Thursday, February 7, 2013

Very Berry Baked Oatmeal

I'm one of those people that has to eat every 2-3 hours.  Literally, from the time I wake up until the time I go to bed, I have to eat every few hours.  I'm not talk about a snack here - I eat those too - but I need to eat something substantial every few hours or else I feel like I'm starving to death.  Yes, I know your body can interpret thirst and hunger, and yes, I do drink a ton of water every day, too.  I've always had a fast metabolism and now that I work out twice a day, it's gotten even quicker.  I usually just have cereal or a bagel/english muffin for breakfast, but I'm a real big fan of oatmeal.  As much as I like the instant stuff, sometimes it's just not good enough.  I have a bunch of Hungry Girl recipes for growing oatmeal, but the secret is that I also don't want to cook breakfast for an hour every morning before I get to eat (although those recipes ARE totally worth it!). 

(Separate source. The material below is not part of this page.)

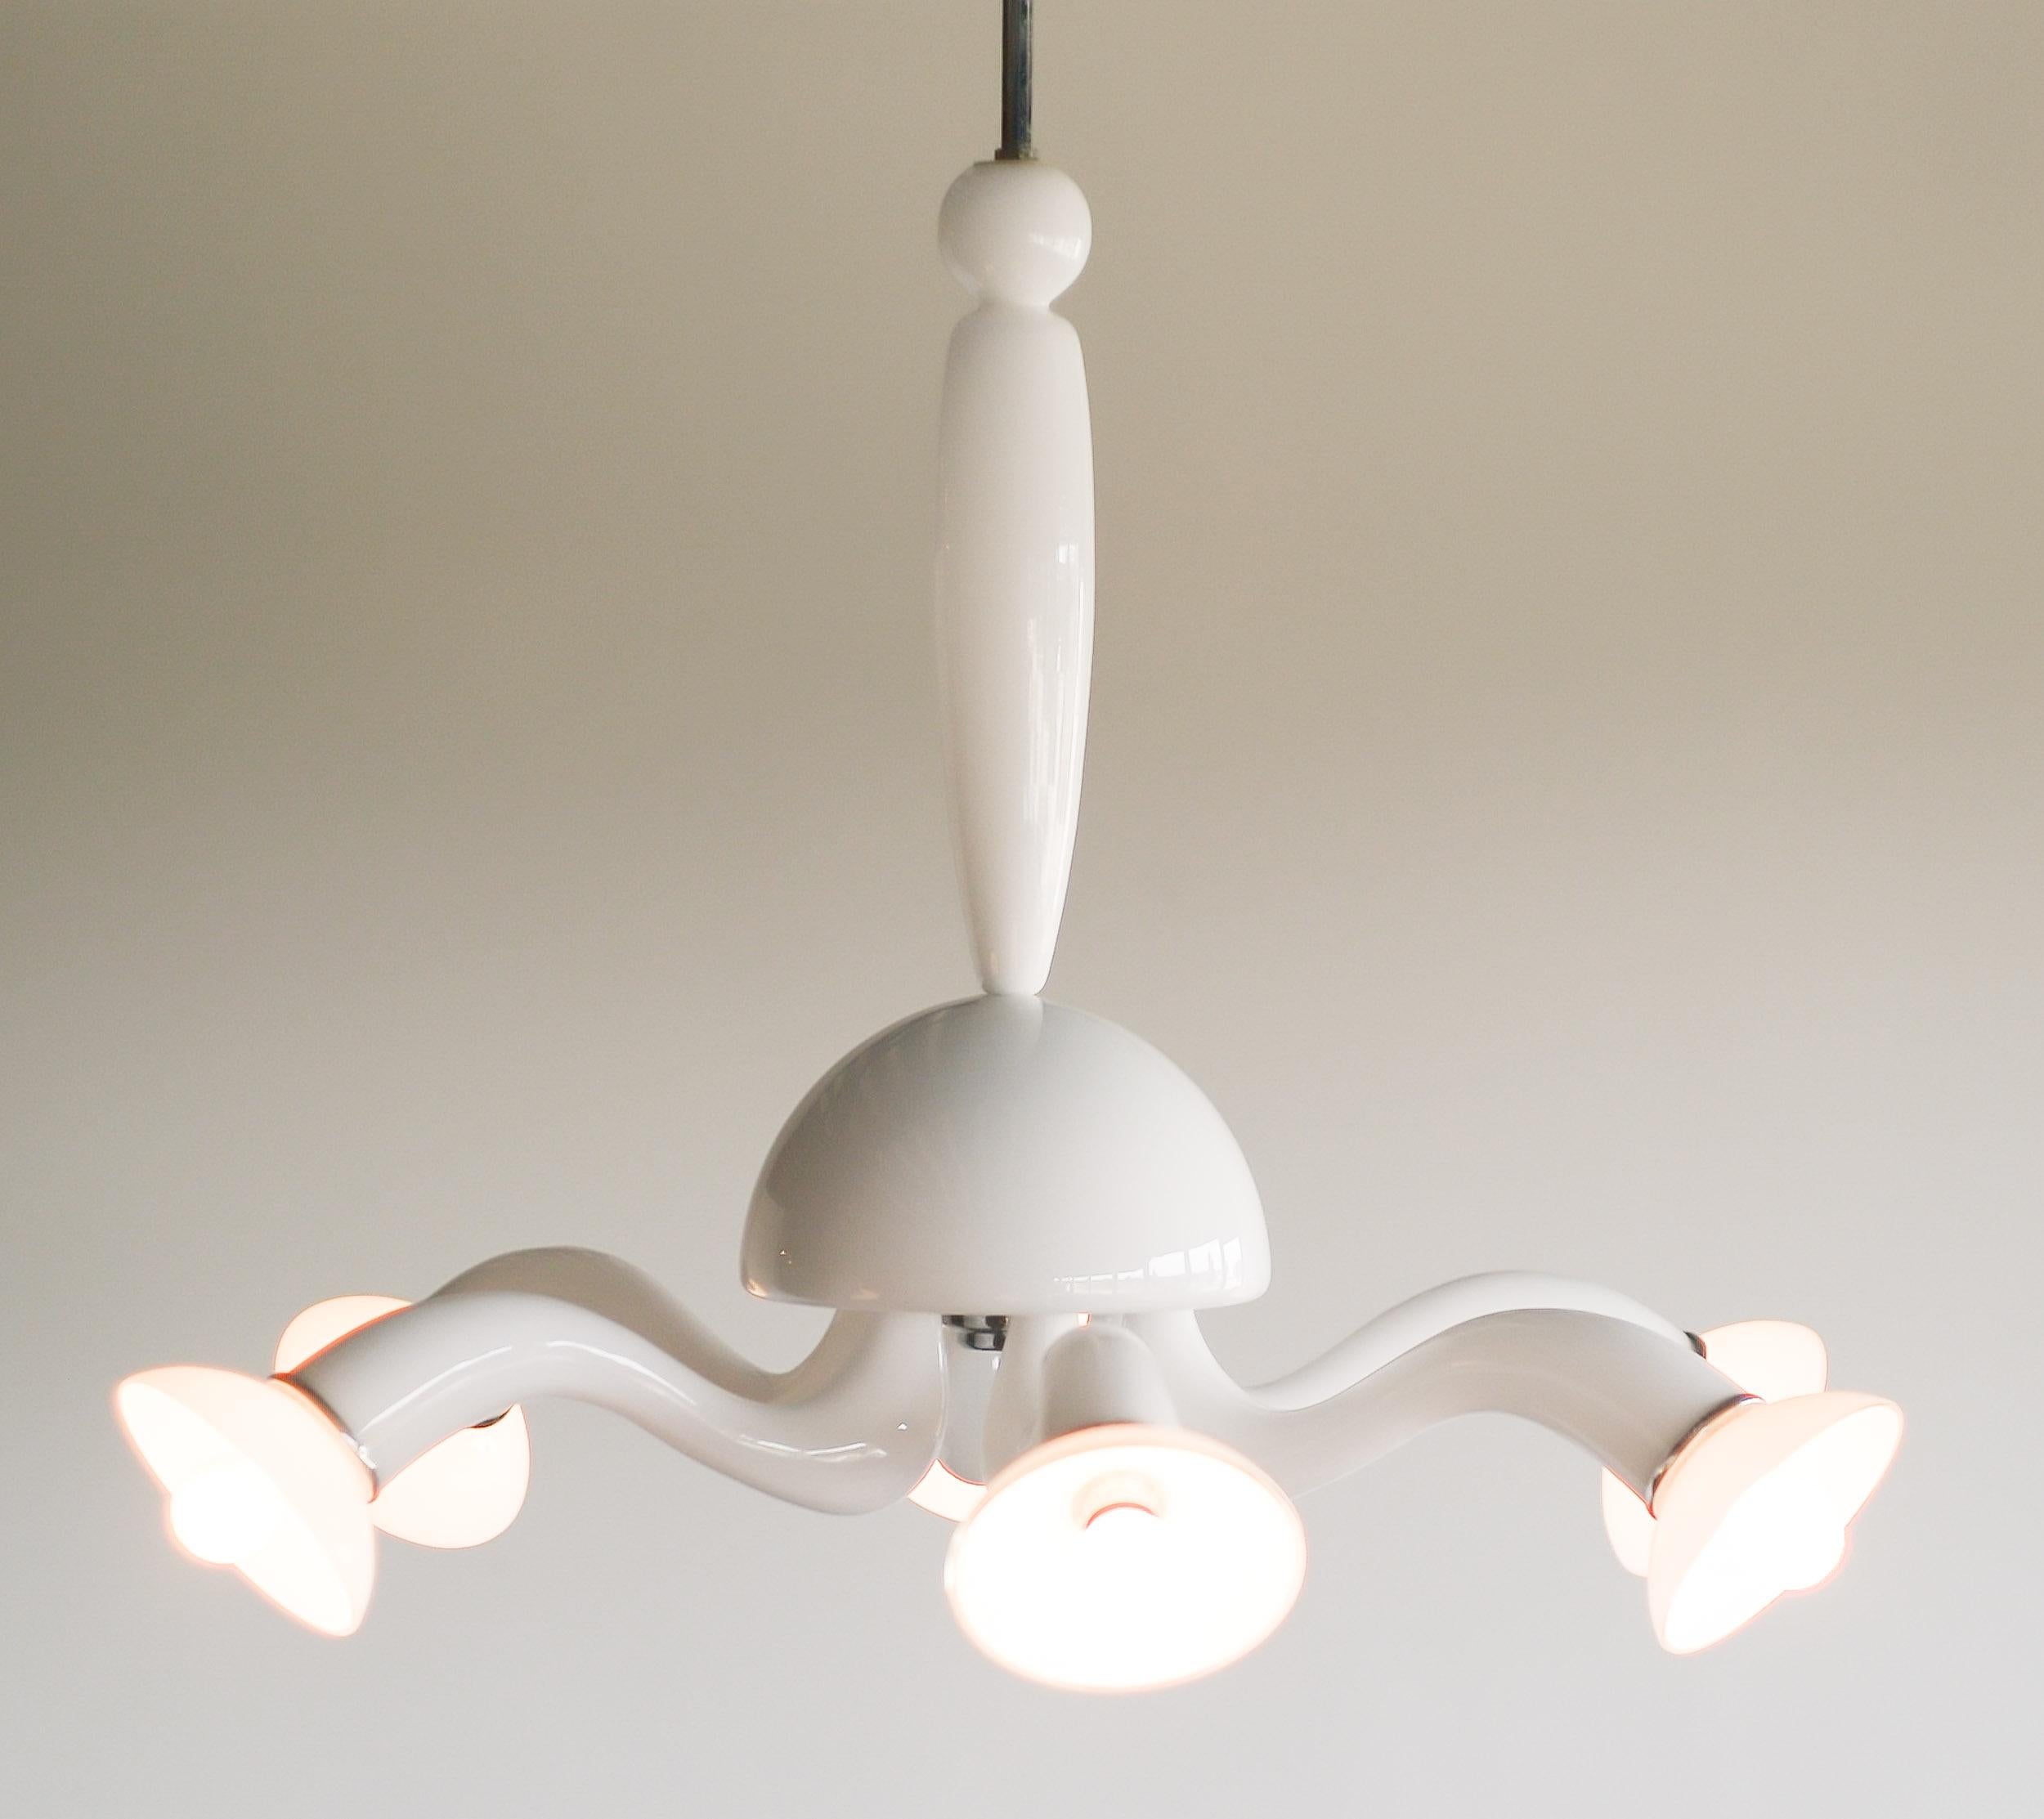 Delicate white Murano glass chandelier with chrome hardware.

I saw some recipes on pinterest for baked oatmeal that you can eat right away or stick in the fridge and warm up in the microwave, and I thought it was a great idea.  It's homemade, so I know there's nothing too crappy in it, plus I can make it with all the things I like! I really love blueberry oatmeal, but always feel gypped when there's no real blueberries in them.  It's hard to get GOOD fresh berries here this time of year (thanks, New England), but the frozen ones are just as good and convenient.  What I liked most about this was that I could make it on a Saturday or Sunday, portion it out, stick it in the fridge and voila - breakfast for most of the week!

If you make the recipe the way I did, one caveat: add some sugar!  I clearly wasn't thinking about this when I made it, but all the berries make this a very tart breakfast! If you add it up front, you'll probably only want to add 1/4 cup; otherwise, a teaspoon or two per serving should be suffice.

Very Berry Baked Oatmeal
To print this recipe, click here

1 cup old fashioned oats
1/2 tsp. baking powder
3/4 tsp. cinnamon
1 cup milk (I used whole)
1 large egg, lightly beaten
2 Tbsp butter, melted and cooled
1 tsp. vanilla
1 bag (I'm pretty sure it's 16 oz - the small size) frozen fruit (I used mixed berries - blueberries, strawberries, raspberries, blackberries)

Preheat oven to 375°

Lightly grease an 8" square cake pan.  In a medium bowl, mix the oats, baking powder and cinnamon.  In a liquid measuring cup, combine the milk, egg, butter and vanilla.
Cover the bottom of the pan with the berries.  Sprinkle the dry oat mixture over the fruit.  Pour the liquid ingredients evenly over the oats.  Bake for 35 minutes, until the top is browned and the oats have set.  Let cool for about 10 minutes.  Stir in a small amount of milk and serve.  You can also portion out the cooked oatmeal into tupperware containers and store in the fridge for up to one week.

Have you made your own oatmeal?  What kind did you make? Tell me about it!